Cluster information:
Kubernetes version: v1.17.1
Cloud being used: bare-metal
Installation method: kubeadm
Host OS: Ubuntu 18.04 LTS Server
CNI and version: weave/flannel/kube-router/calico (latest releases of each)
CRI and version: docker/containerd (19.03.5/1.2.10)
Problem:
I am attempting to bring up a ROS 2 installation on Kubernetes, ideally using multiple containers in a single pod. Under the hood, ROS 2 relies upon DDS for communication, which is based upon UDP multicast.
When I bring up a simple pod deployment with two containers in a producer-consumer configuration, the consumer rarely (if ever) receives a message from the producer. When I bring up two pods, each with a single container the same producer-consumer configuration, the consumer always receives the messages.
Surprises
Every once in a while, the consumer will start up and receive messages as expected.
Furthermore, if one logs into the consumer with kubectl exec -it ros2-1 -c consumer /bin/bash
then runs /ros_entrypoint.sh ros2 run demo_nodes_cpp listener
, messages are sometimes received from the producer in the single pod scenario.
Expected Behavior
Successful messages appear in the logs of the consumer container as:
[INFO] [1579805884.017171859] [listener]: I heard: [Hello World: 1]
[INFO] [1579805885.017168023] [listener]: I heard: [Hello World: 2]

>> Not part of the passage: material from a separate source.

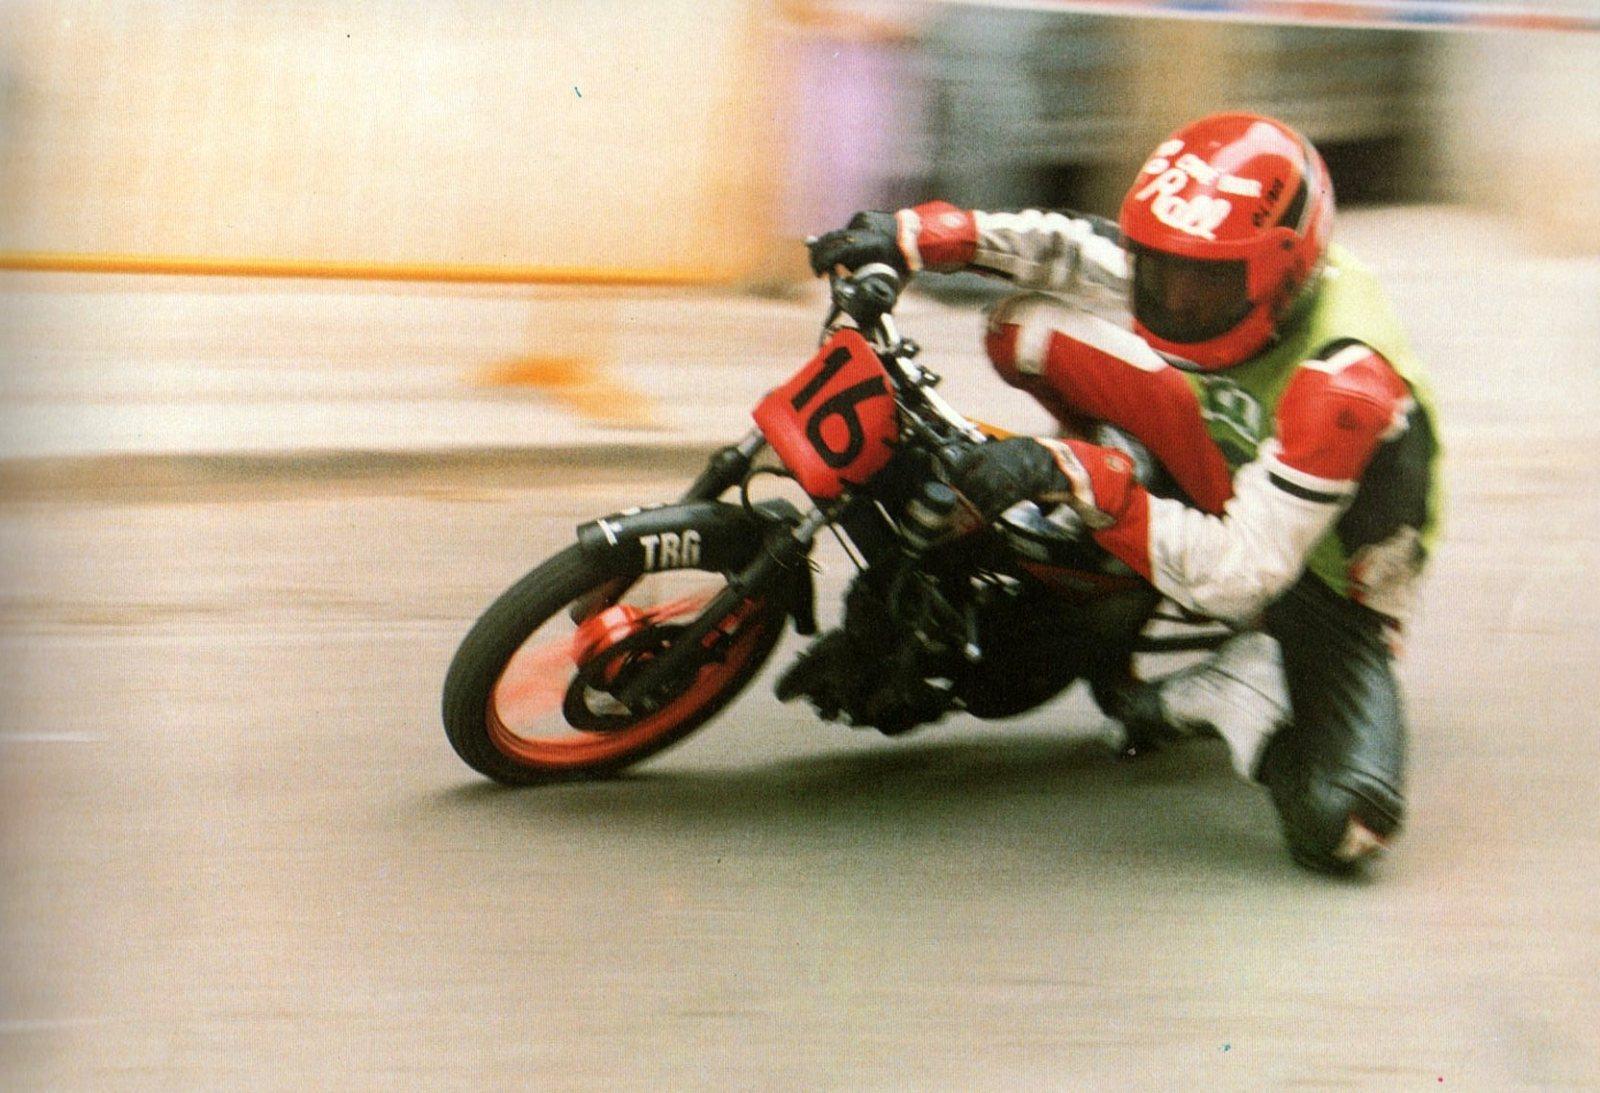 Huvo Casal 80 GP Vicente Rocher. - Página 2 350s75k

[INFO] [1579805886.017025092] [listener]: I heard: [Hello World: 3]
Actual Behavior
No such log messages are observed from the consumer.
Steps to Reproduce:
Failure within same pod
-
Bring up a kubernetes cluster
-
Apply the following pod definition: ros2-1.yaml
apiVersion: v1 kind: Pod metadata: name: ros2-1 spec: containers: - name: producer image: osrf/ros2:nightly args: ["ros2", "run", "demo_nodes_cpp", "talker"] - name: consumer image: osrf/ros2:nightly args: ["ros2", "run", "demo_nodes_cpp", "listener"] restartPolicy: Never
-
Watch for messages from the consumer with
kubectl logs --follow ros2-1 consumer
.
Success in different pods
-
Bring up a kubernetes cluster
-
Apply the following pod definition: ros2-2.yaml
apiVersion: v1 kind: Pod metadata: name: ros2-2-producer spec: containers: - name: producer image: osrf/ros2:nightly args: ["ros2", "run", "demo_nodes_cpp", "talker"] restartPolicy: Never --- apiVersion: v1 kind: Pod metadata: name: ros2-2-consumer spec: containers: - name: consumer image: osrf/ros2:nightly args: ["ros2", "run", "demo_nodes_cpp", "listener"] restartPolicy: Never
-
Watch for messages from the consumer with
kubectl logs --follow ros2-2-consumer
.
Questions:
- What is causing a single pod deployment to fail, but multi pod deployment to succeed?
- I am unfamiliar with debugging networking issues within the Kubernetes environment, while fairly experienced on bare-metal. How should I go about investigating this issue under flannel, weave, or kube-router?